Monsieur le président, madame la ministre, mes chers collègues, je voudrais, avant d’en venir à l’article 1er de cette proposition de loi, évoquer certains événements qui se sont déroulés le weekend dernier.
Comme beaucoup de parlementaires et, j’ai envie de dire, comme bon nombre de nos concitoyens et de nos concitoyennes, j’ai été particulièrement choquée par la manifestation organisée dimanche dernier par des militants des mouvements pro-vie, c’est-à-dire, très concrètement, des femmes et des hommes qui veulent refuser aux femmes le droit fondamental de pouvoir décider d’être enceintes ou non, en d’autres termes, le droit de disposer de leur corps, ni plus ni moins !
Cette manifestation fait naturellement écho au débat qui a eu lieu à l'Assemblée nationale, mais aussi à ce qui se passe aujourd’hui en Espagne.
En effet, le gouvernement espagnol entend limiter la faculté de recourir aux interruptions volontaires de grossesse aux seuls cas où la femme enceinte fait la démonstration que la grossesse peut mettre en danger sa santé ou sa vie. La loi prévoit également que les jeunes filles mineures ne pourront avorter qu’avec le consentement de leurs parents.
Ces deux mesures, symboliques tout autant que scandaleuses, attestent la conception rétrograde que certains ont des femmes et de leur corps.
En privant les femmes du droit de décider en conscience et en faisant dépendre l’interruption volontaire de grossesse des mineurs du choix de leurs parents, le gouvernement espagnol retire aux femmes la capacité à décider, comme si, après tout, elles n’étaient plus maîtres de leur corps.
Si, en France, nous en sommes loin, les manifestations publiques récentes et les actions « coup de poing », scandaleuses et illégales, menées par des collectifs fanatisés nous rappellent combien il faut être vigilant.

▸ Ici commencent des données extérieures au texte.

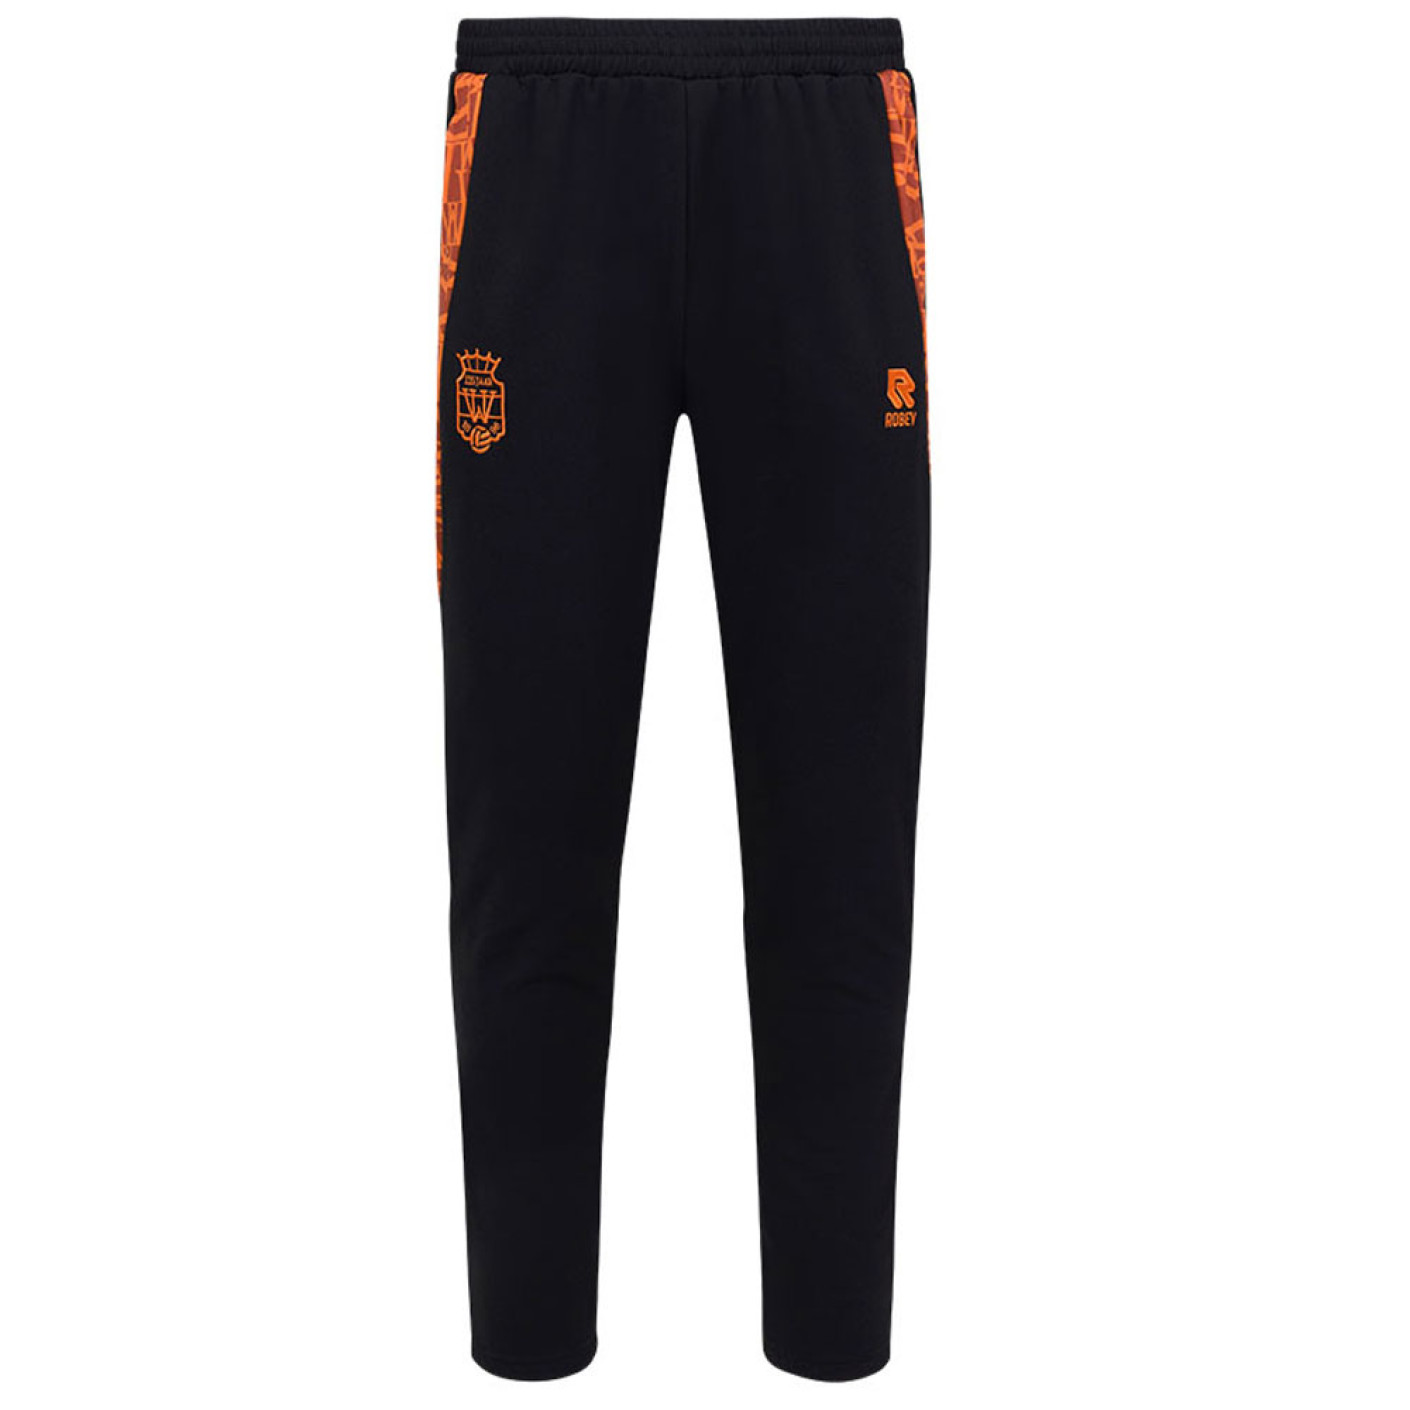 Pantalon d'entraînement Willem II 2021-2022 Noir Orange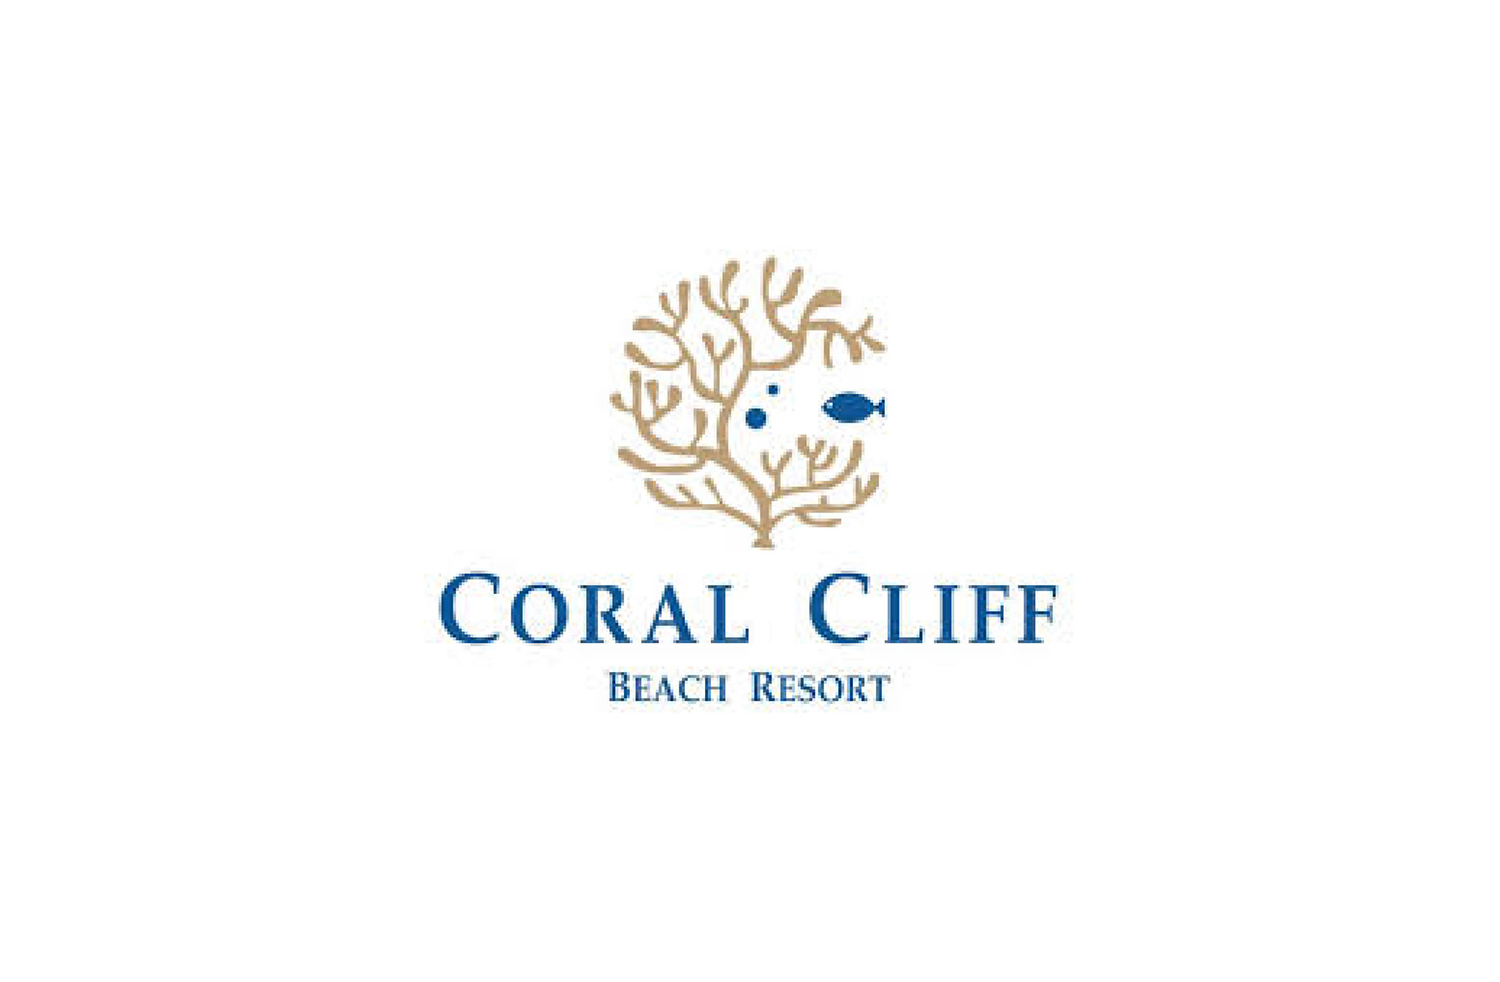 Boss_Display_Client_Coral_Cliff_Beach_Resort_Logo.jpg

Vous avez raison, madame la ministre, de rappeler que la France doit défendre « haut et fort, le droit des femmes à décider ».
Au-delà des déclarations, c’est par les actes que cela doit passer, et il y a urgence à développer les mesures concrètes nécessaires pour rendre effectif le droit des femmes, de toutes les femmes, à accéder à l’IVG. Incontestablement, la mesure adoptée à l’occasion de l’examen du projet de loi de financement de la sécurité sociale pour 2013 est positive, bien qu’elle ne règle pas toutes les difficultés. En effet, des goulets d’étranglement persistent dans certaines zones de fortes demandes à certaines périodes de l’année, notamment lors des congés, qui rendent plus difficile et parfois même impossible l’accès des femmes aux IVG.
Avec mes collègues Laurence Cohen et Brigitte Gonthier-Maurin, j’y vois plusieurs explications.
Tout d’abord, l’acte médical d’interruption volontaire de grossesse reste peu gratifiant pour les équipes médicales. C’est également un acte peu rémunérateur puisque, en dépit de plusieurs revalorisations successives, la tarification de l’IVG instrumentale ne prend en charge qu’une partie du coût réel des interruptions volontaires de grossesse, ce qui décourage, nous le savons, les établissements.
Cela est d’autant plus vrai que, malheureusement, de nombreux centres IVG ont fermé. Le Haut Conseil à l’égalité entre les femmes et les hommes a remis, en novembre 2013, un rapport dans lequel il relève que « l’accès à une IVG est parfois problématique ». Est en cause notamment la diminution de l’offre, avec la fermeture, sur les dix dernières années, de plus de 130 établissements de santé pratiquant l’avortement, ainsi que le manque de moyens et de personnels. Le Haut Conseil note aussi l’existence « d’importantes disparités d’accès entre les territoires ».
De fait, pour l’accès à l’IVG, dans notre pays, le désert médical s’étend !
Ce rapport, madame la ministre, contient des pistes intéressantes et souligne l’impérieuse nécessité de « développer une offre de soins permettant aux femmes un accès égal, rapide et de proximité à l’IVG », ce qui, vous en conviendrez, n’est pas tout à fait étranger au contenu de cette proposition de loi. Car seul le service public peut être garant de l’accès de toutes à l’IVG, sans distinction quant au lieu d’habitation ou au statut social.
C’est pourquoi, au nom du droit des femmes à pouvoir conserver la faculté de bénéficier, sur tout le territoire national, d’un droit effectif à l’avortement, je voterai, avec l’ensemble de mes collègues, cet article 1er.